By January students generally have a solid grasp of the aforementioned skills. I now set a blank paper before them and model how to get the idea out if their head onto the paper. I start by setting a purpose. I make my instruction explicit. For instance, on Monday we practised the skill of recounting. “Today you are going to practise the skill of recounting. What did you do on the weekend?” I shared with the class some of the things I did. I explained that it is helpful to share your thoughts with a friend as a friend can help elicit information from you and clarify your thinking. I modelled how to do a walk and talk. I took a partner by the hand, we walked and he shared what he did over the weekend. I asked him who and where questions. I then partnered up children and had them do a walk and talk. When I called everyone up to the carpet I highlighted students who asked their partners questions that elicit information. I then randomly called on children to report out what their partner said. Next I modelled on the Smartboard how to do the actual writing. I told the class that my goal is for them to put spaces between words and to use at least one letter to convey a word.

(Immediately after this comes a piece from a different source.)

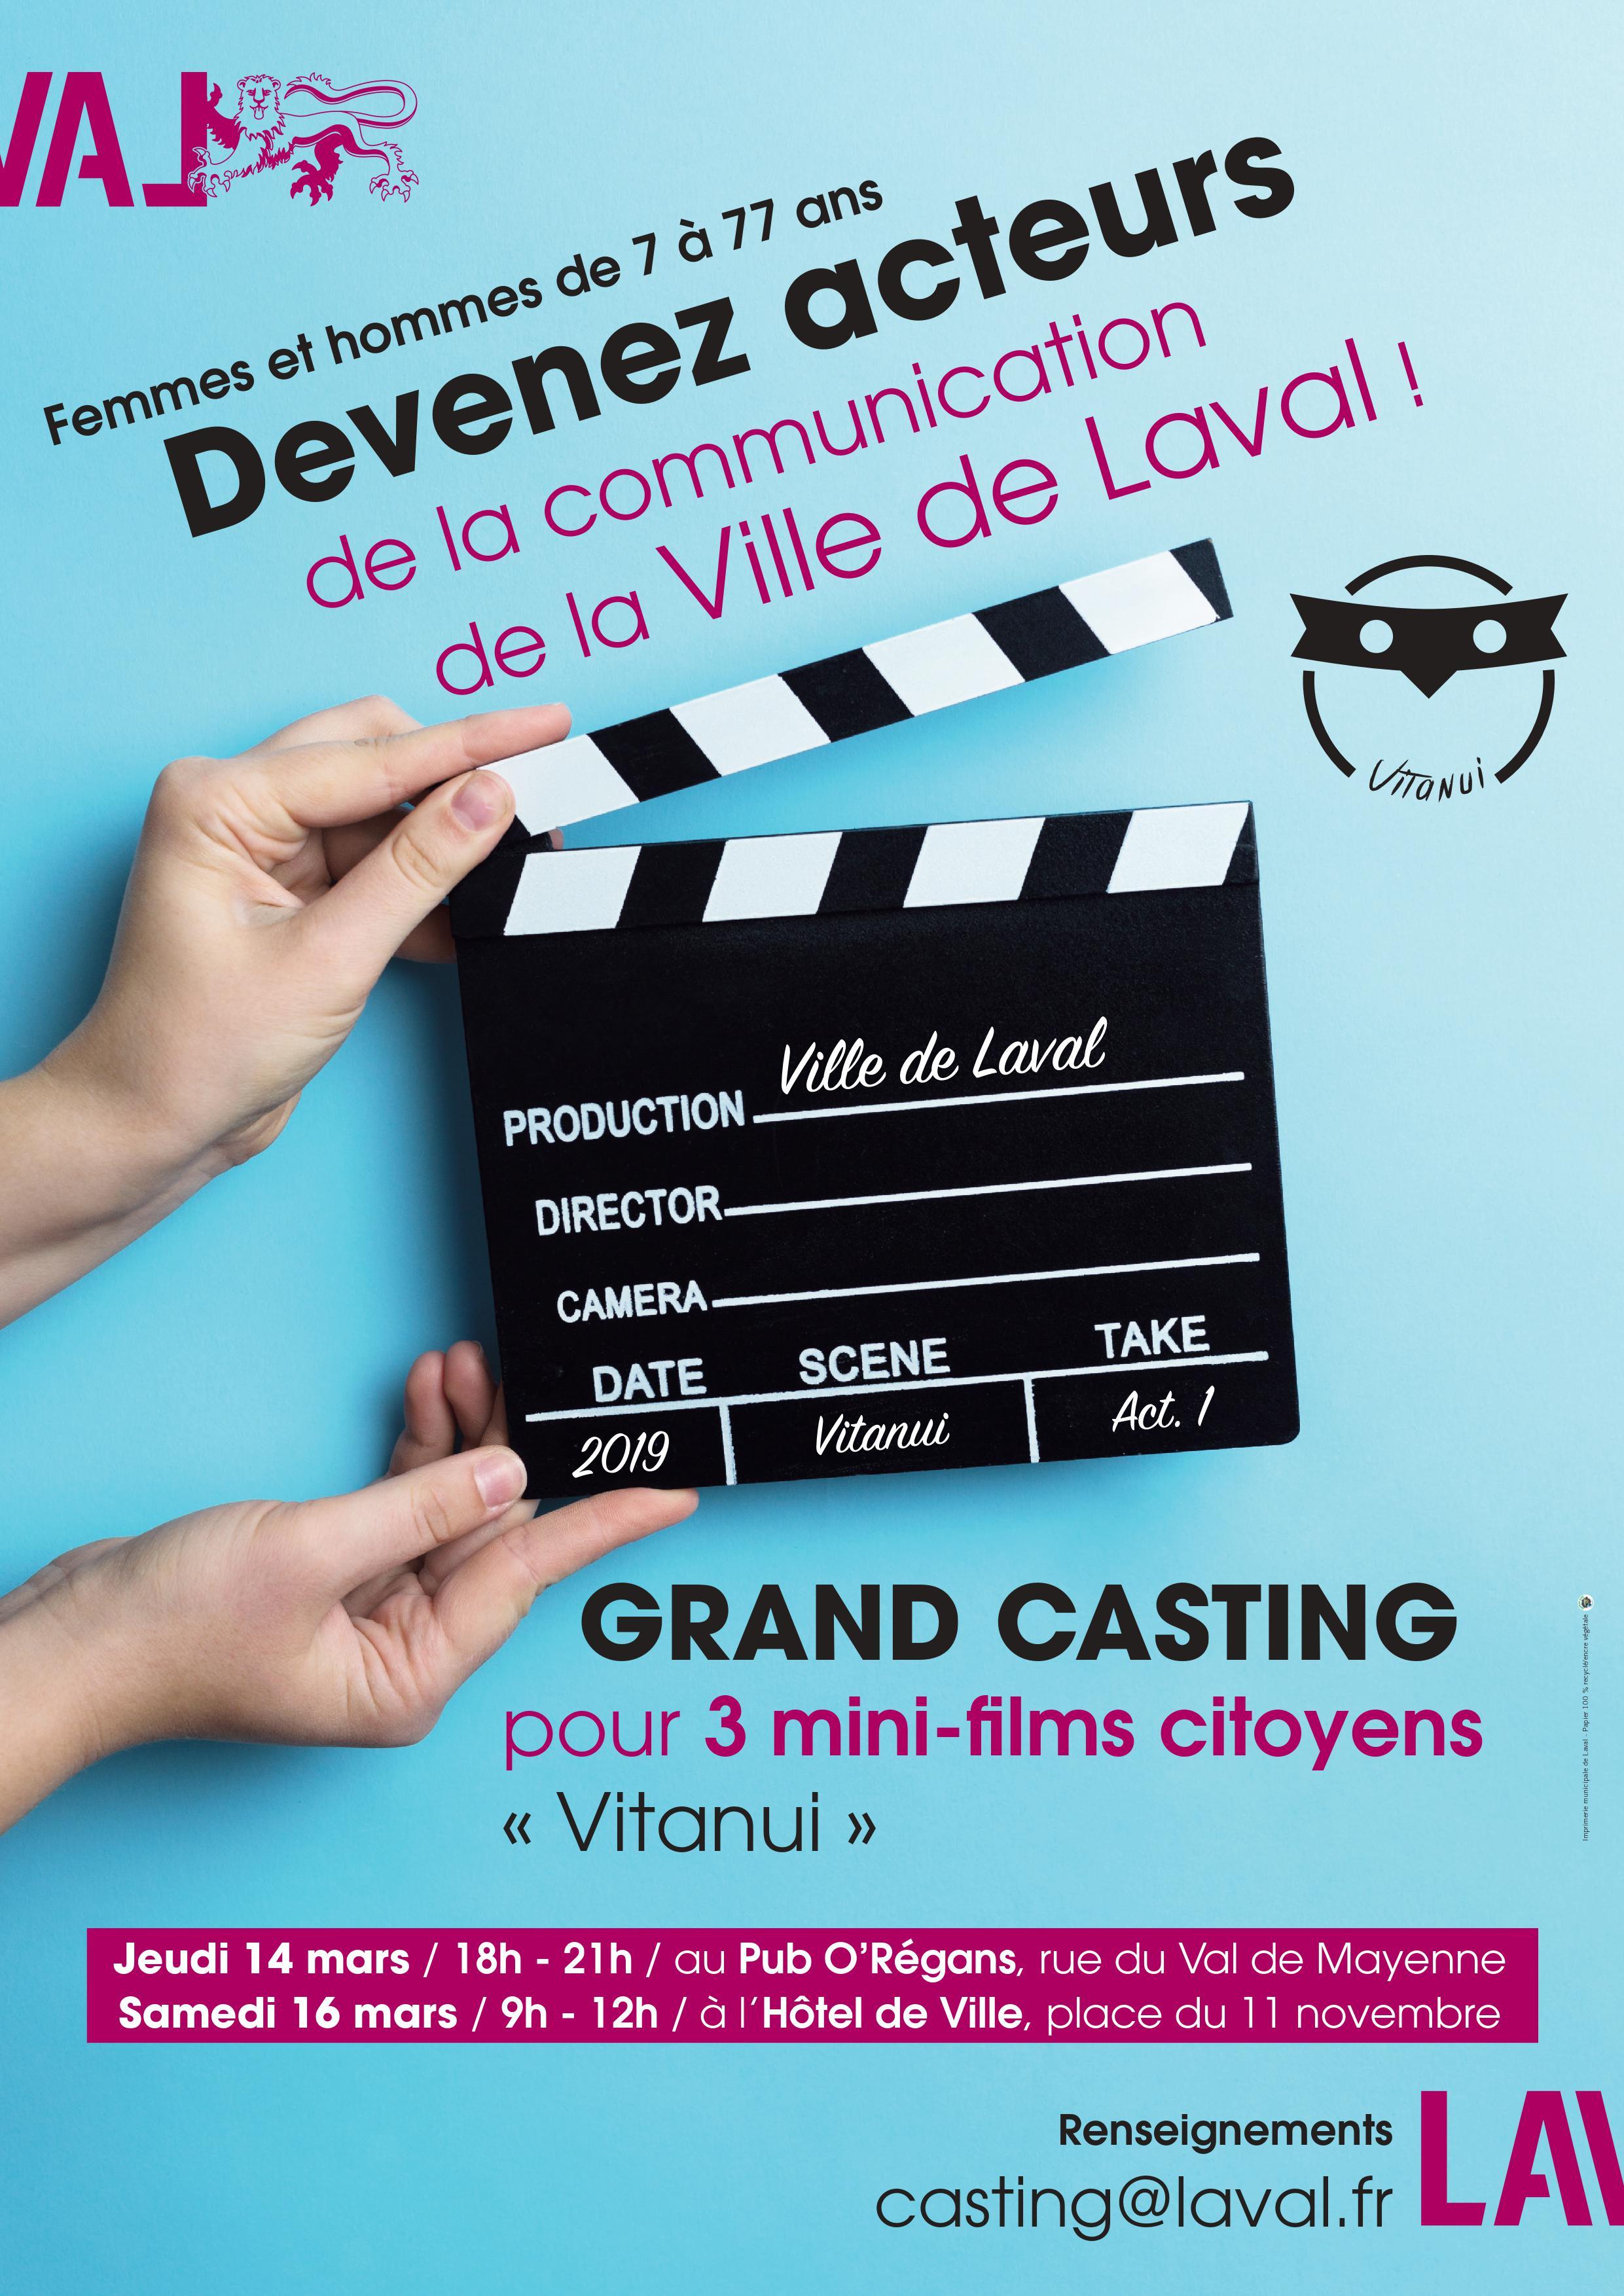 Grand Casting pour 3 mini-films citoyens

I said that it is important for me to see your ideas in print and encouraged them to use bubblegum spelling and robot arms to figure out the letters in words. I sent them off to work. Here are some of the results.


After a child has completed his/her writing he/she needs to read it to two friends, then come read it to me. When a child reads it to me I have a mini conference informing the child what he/she did well. e.g. I noticed that you remembered to put spaces between words. If I notice that a sight word that we have been working on is misspelled
I ask the child to correct it. For instance, last week ‘my’ was one of the sight words we focused on so I asked a child to go back and fix it. Finally we celebrated our hard work by having Author’s Chair.



2 responses to “Writing Process

  1. sharonhales says:

    You are an amazingly awesome teacher, Heidi! You are what I aspire to be!